Warning when large binary files are included into the bundle

[mexus]

Describe the problem you are trying to solve

It seems like some crate authors do not ask cargo to exclude pictures/pdfs/other-blobs by providing an appropriate exclude = [ .. ] directive at their Cargo.tomls.

And it also seems like most of the time it is not intentional, it's more like developers might simply forget that anything that is not ignored by default gets packages into the published .crate file.

I'm not quite sure how common the situation is, though it might be happening quite often, since a deliberate action is required to exclude blobs from the package, and I wasn't able to find any advices to exclude "extra" files in the official guides.

Describe the solution you'd like
I suppose a warning when including binary large objects should do the trick, something like

[WARN] It might happen that you are unintentionally packaging a large binary object 'exapmles/drawing.bmp' (25 MB).
If it is intentional, you can turn off this warning by providing the `--allow-blobs` flag to the cargo.

Notes
It would be great if somebody's got an idea how to actually check the assumption that developers are unintentionally including extra blobs to their packages on crates.io.

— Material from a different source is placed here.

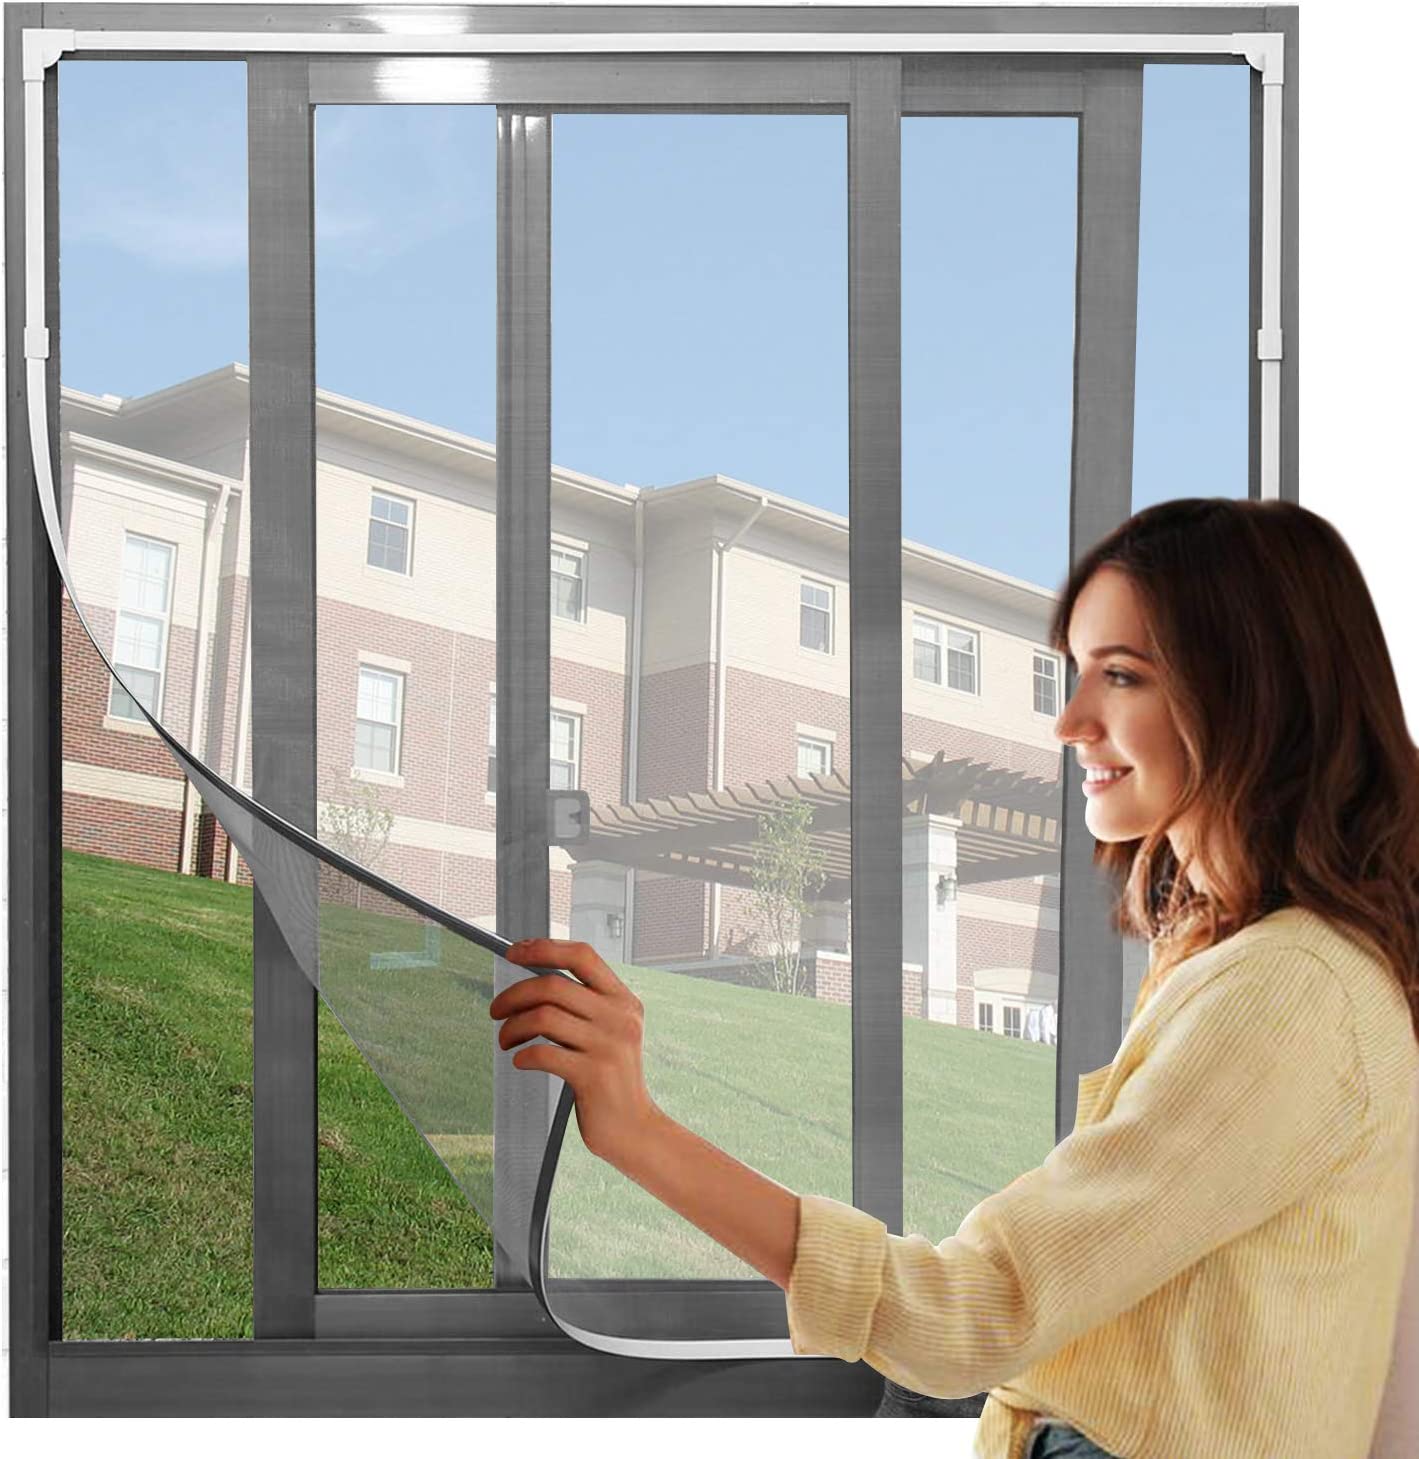 サイズ： 50*90CM 色：ネット：灰/白、枠：ブラウン/グレー/ホワイト 予め窓のサイズを確認してからご注文してください。 【抜群な防虫・防蚊】：こちらの虫除け網戸は、高密度メッシュで微細な虫・蚊の侵入も防ぎます。隙間もなく全面覆う窓用網戸タイプなので、虫除け網戸を窓枠に設置しておくと、窓を閉めなくても、虫や蚊などの侵入を気にせず、空気の通しが良くできます 【カット可能・サイズ調節可能】：この防虫ネットは、カットによるサイズ調節が可能です。お宅の窓大きさに完璧に合わせて防虫ネットをカットできます。だから、この防虫ネットはどんな窓枠にも網戸がぴったりと納まります。この防虫ネットキットがあれば、網戸を作るお手間もお金も節約します 【工事不要・取付簡単】：蚊よけあみどは粘着テープ付きマグネット式なので、木製・鉄製・アルミ製など窓枠の素材を選ばず、簡単に取り付けることができます。 取り付け＆取り外しが簡単＆収納便利、ツールは不要です！付属のテープだけでドアフレームに固定するだけで完了です。使わない季節には取り外し、折りたたんでコンパクトに収納できます、女性の方でも簡単に操作できます。 【通風性】：この蚊よけ網戸の開口率が高く風通しも優れています。十分な風通しも得ることができます。夏には、エアコンを使わずに本品を取り付けることによって、空気の入れ替えが出来、風通しが良くなり涼しく暮らすことができます 【優れた耐久性】：こちらの虫よけ網戸は、永久磁石を採用し、繰り返し開閉できます。高品質のメッシュを使用し、精密縫製と高密度のメッシュ技術を採用、多くの開閉でも丈夫で損耗しません。また、虫よけ網戸は取り外せるので、そのまま丸洗いができます。お手入れもラクラクです ◇保証期間：到着日から1か月以内にご連絡ください ※お客様ご都合の交換と返品は、お承っておりませんのであらかじめご了承ください。 ※ご注文の商品が「不具合がある」など当社原因による場合には、 商品到着後「1か月以内」に電話もしくはメールにて ご連絡いただいた商品は交換または返品を受け付けさせていただきます。 ◇お客様都合によるキャンセル（商品発送前） ご注文から30分以内は、理由の有無を問わず購入履歴からキャンセルすることが可能です。 なお、当店では、ご注文から30分以上過ぎた場合、お客様都合によるキャンセルは承っておりません。 あらかじめご了承ください。 ◇ 配送方法について ◇ ※ 発送後のキャンセル・送付先の変更はできません。 ※ 届かない場合や、転居による紛失に関しての補償は一切ありません。 ご注文前に、送付先に誤りがないか、部屋番号抜け等がないかを必ずご確認ください。 ※ 長期不在・表札がない・表札や郵便受けに書かれたお名前がご注文者のお名前と異なる場合、 お届けができず自動的に返送となる場合がございます。 返送された場合、返送・再配達にかかる送料はお客様負担となります。ご了承ください。 ◇ 注意事項 ◇ ※ ご利用のモニターによって、実物とすこし異なる色に表示される場合がございます。 ※ 全商品、北海道・沖縄・離島は別途 送料が掛かります。 ※ ラッピング対応しておりませんので、ご了承ください。 ※ 説明書は日本語化されていません。

Currently I can only think of an article in the TWIR which explains the possible issue, but I'm looking for better ideas :)

[Eh2406]

There are many people that have downloaded all the crates and can get us a size by file type histogram.
Adding a comment about this to the instructions for publishing a crate would be great.
Adding a output line when running cargo publish that lists oddly large files, may help people notice this without changing our API and without making more work for those that are including them intentionally.

[mexus]

I know it's not that representative, but just for the reference, here's a distribution of binary files in my local /.cargo/registry/src/github.com-.. in log scale:

So in my case, most of the binary files are less than 100 KiB (but there's a significant amount of them though), but at I've also got at least a couple of files that are larger than 1 MiB. I also wonder how many of them have been included deliberately though 🤔

[weihanglo]

Note that with -Zlints we could have a configurable lint for Cargo to emit this warning.

[kornelski]

This should also complain about directories with CACHEDIR.TAG.

Cargo is smart enough not to package target/ dir in the default configuration, but inconsistent use of CARGO_TARGET_DIR can create copies of the target dirs that do get packaged.